Over its 140-year history, The Dakota has become a club with its own rules. To purchase an apartment here, you must pass an interview with the residents’ board. It sometimes seems easier to get into the Venice Biennale.
The fact that the building was intended from the beginning as housing “for its own” also played a role. Actors, conductors, bestseller authors, theater, and television stars lived here. At various times, the doors of “The Dakota” opened for Lauren Bacall, Leonard Bernstein, Judy Garland, and, of course, for John Lennon and Yoko Ono.
Despite this glittering list, the building never turned into a “celebrity museum.” Its residents were those who knew how to maintain distance from the public. And The Dakota has always protected that distance. Stories are known in the press about the board rejecting celebrities whose media biographies seemed “too loud” to them. Among those denied the green light were Madonna, Melanie Griffith, Billy Idol, and even Alex Rodriguez.
In such an environment, a special microclimate forms: where a composer and an Oscar winner might bump into each other in the same entryway, and the general assembly discusses not heating tariffs, but the matter of reinforcing the building’s reputation. This is the style of The Dakota – a miniature Manhattan, with its talents and all the contradictions of its media image.

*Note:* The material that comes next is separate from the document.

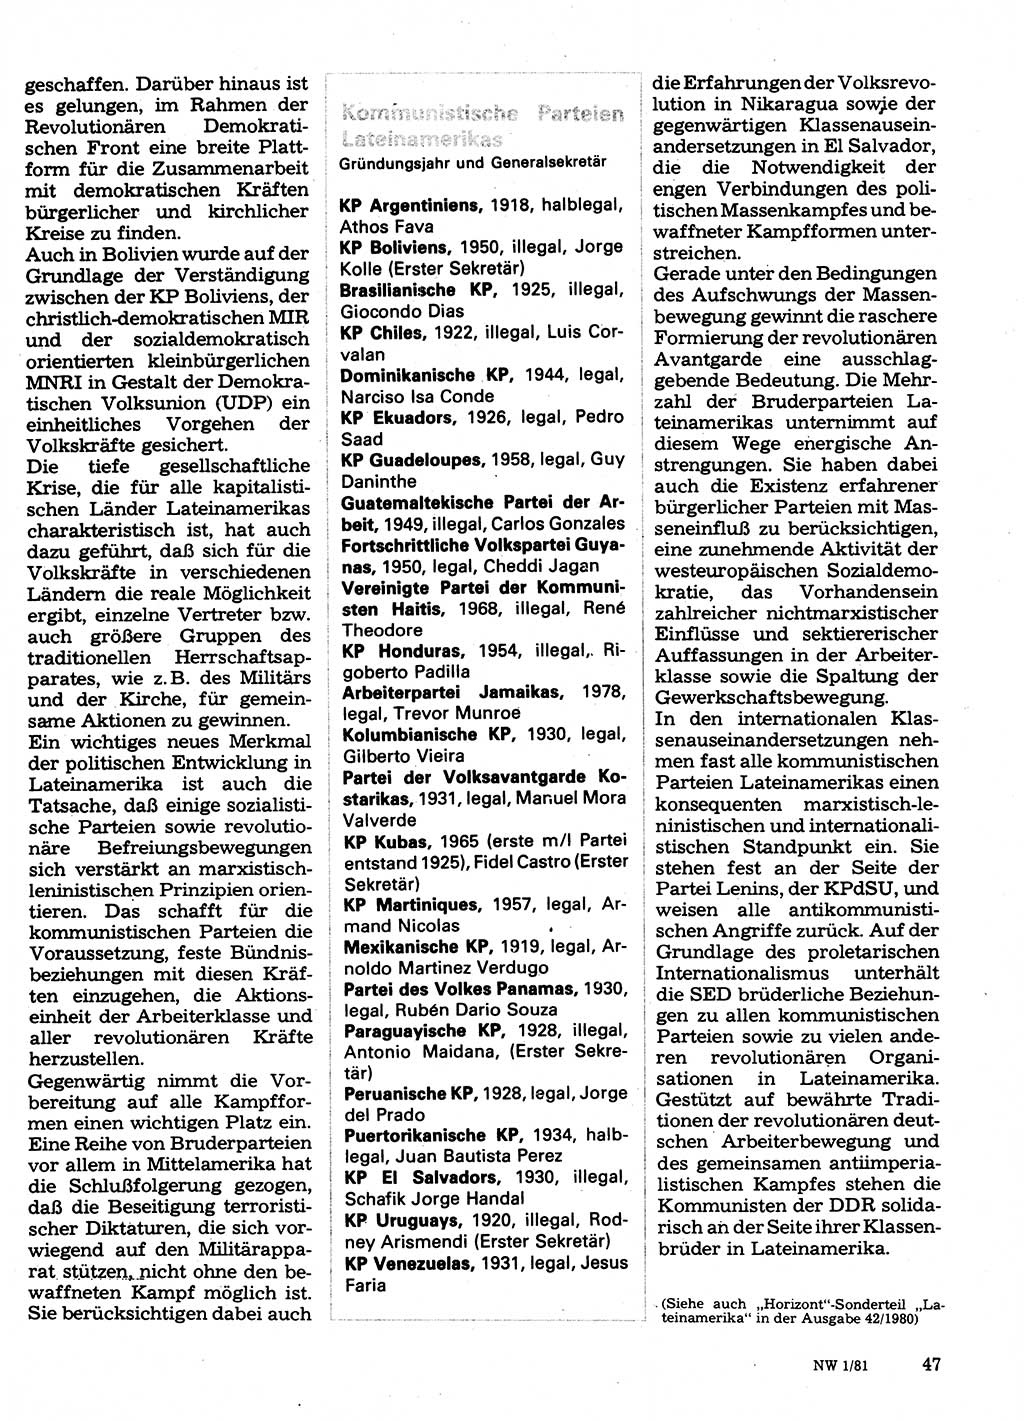 Neuer Weg (NW), Organ des Zentralkomitees (ZK) der SED (Sozialistische Einheitspartei Deutschlands) für Fragen des Parteilebens, 36. Jahrgang [Deutsche Demokratische Republik (DDR)] 1981, Seite 47 (NW ZK SED DDR 1981, S. 47)

December 8, 1980: The Day That Changed Everything

Around 10:50 PM on December 8, 1980, John Lennon was returning home with Yoko Ono. Mark David Chapman – a fan who had asked for an autograph earlier that day – was waiting for him in front of The Dakota’s archway. This time, instead of a notebook, he pulled out a gun. Five shots – and musical history suffered a blow from which it took a long time to recover.
Since that evening, The Dakota forever ceased to be merely a privileged address. It became the place where one of the most famous biographies of the 20th century was cut short. A new territory of remembrance appeared in New York: Strawberry Fields – a memorial dedicated to Lennon – was created in Central Park, across from the building’s entrance. People still bring flowers, vinyl records, and notes there, and fans gather there every December 8th.

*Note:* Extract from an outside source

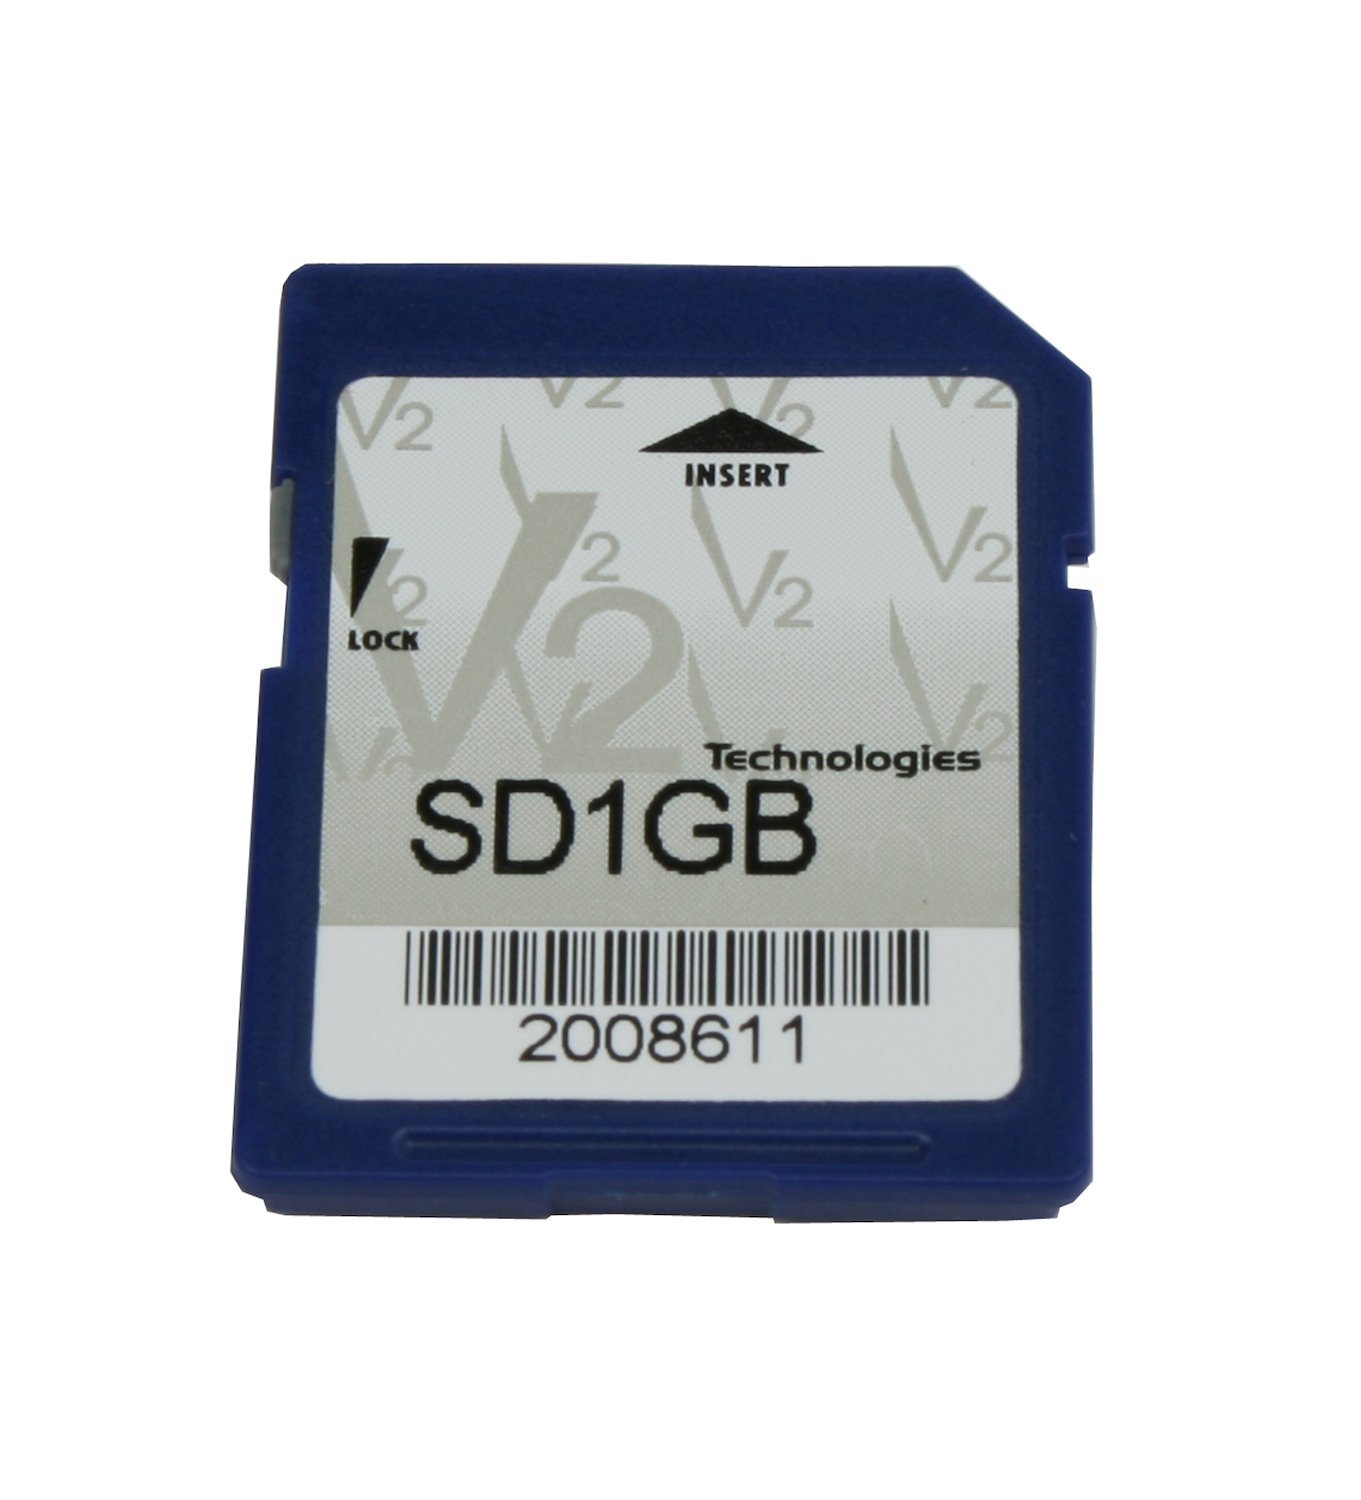 2 GB SD CARD

The Dakota became a symbol of what John Lennon managed to embody: faith in art and the vulnerability of stars, as well as how damaging external obsession can be.

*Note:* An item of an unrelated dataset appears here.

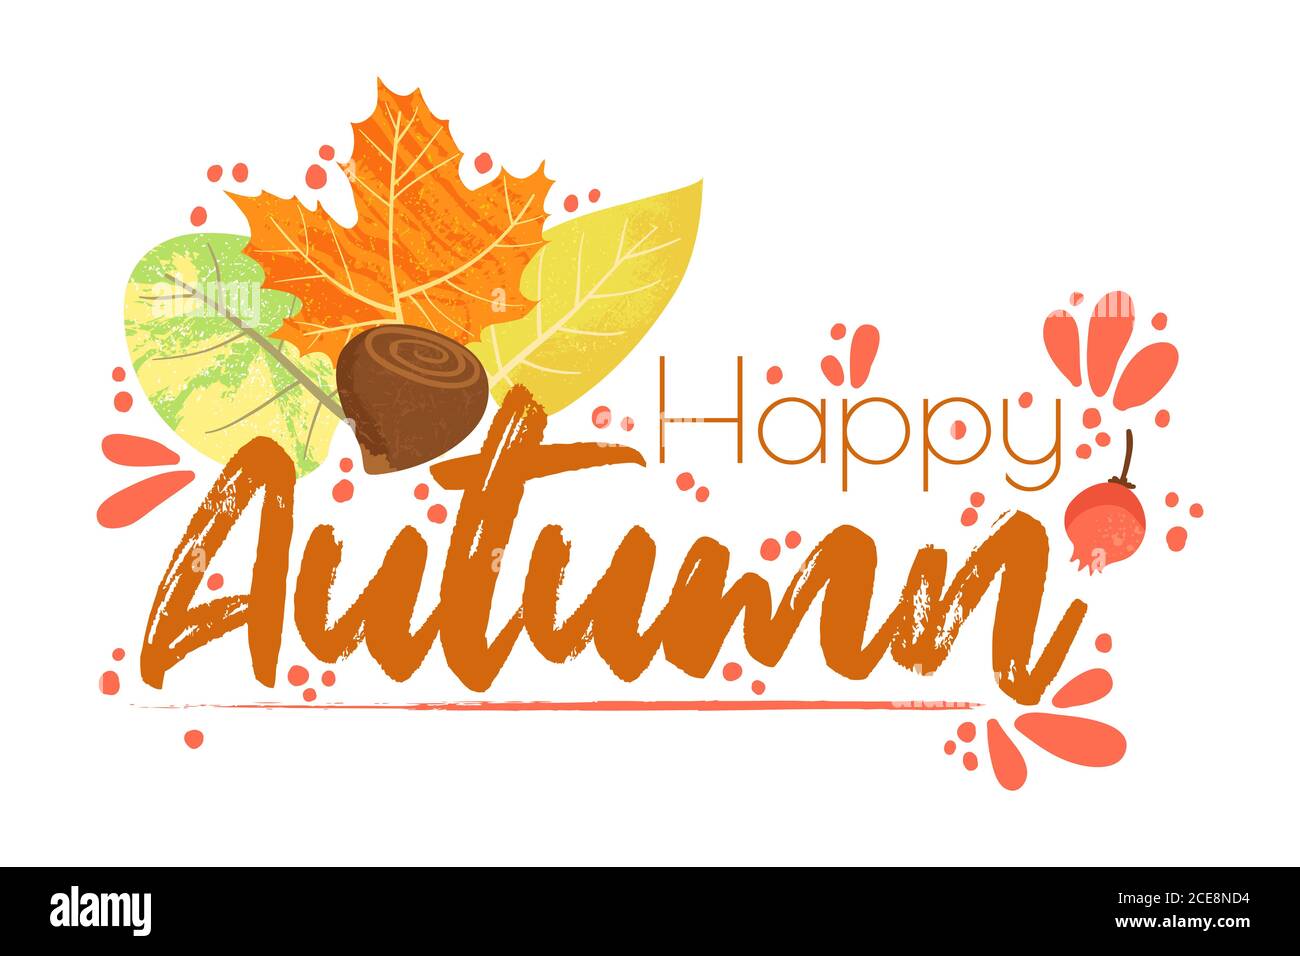 Happy Autumn - Herbst Typografie Zitate mit Herbst Elemente. Vektor-Zitate mit Herbstblättern, Walnüssen und Beeren. Isoliert auf weißem Hintergrund Stock Vektor

But there is another side. Residents of the building have spent decades trying to live their normal lives – despite the cameras, the tourist pilgrimages, and the fan flash mobs. This is also the paradox of The Dakota: a building that dreamed of being intimate became one of New York’s most public locations.
A Benchmark in Film, Music, and Urban Legends

Outwardly, The Dakota resembles an old European hotel more than a typical New York residential building. Towers, sharp arches, iron balconies – all this creates an atmosphere that directors could not ignore. The most famous cinematic episode is Roman Polanski’s film “Rosemary’s Baby.” The Dakota was used as the building where the film’s events unfold, and after the premiere in 1968, the building permanently secured its reputation as an “ominously aesthetic” location.
This place lives on in culture also through micro-stories – The Dakota is mentioned in songs, novels, and urban legends. It is said that ghosts have been seen here. Rumor has it that Lennon himself spoke of strange phenomena in his apartment. And whispers circulate about hidden rooms, secret passages, and found letters. Part of this could easily be dismissed as New York folklore, if not for the fact that these stories are regularly updated.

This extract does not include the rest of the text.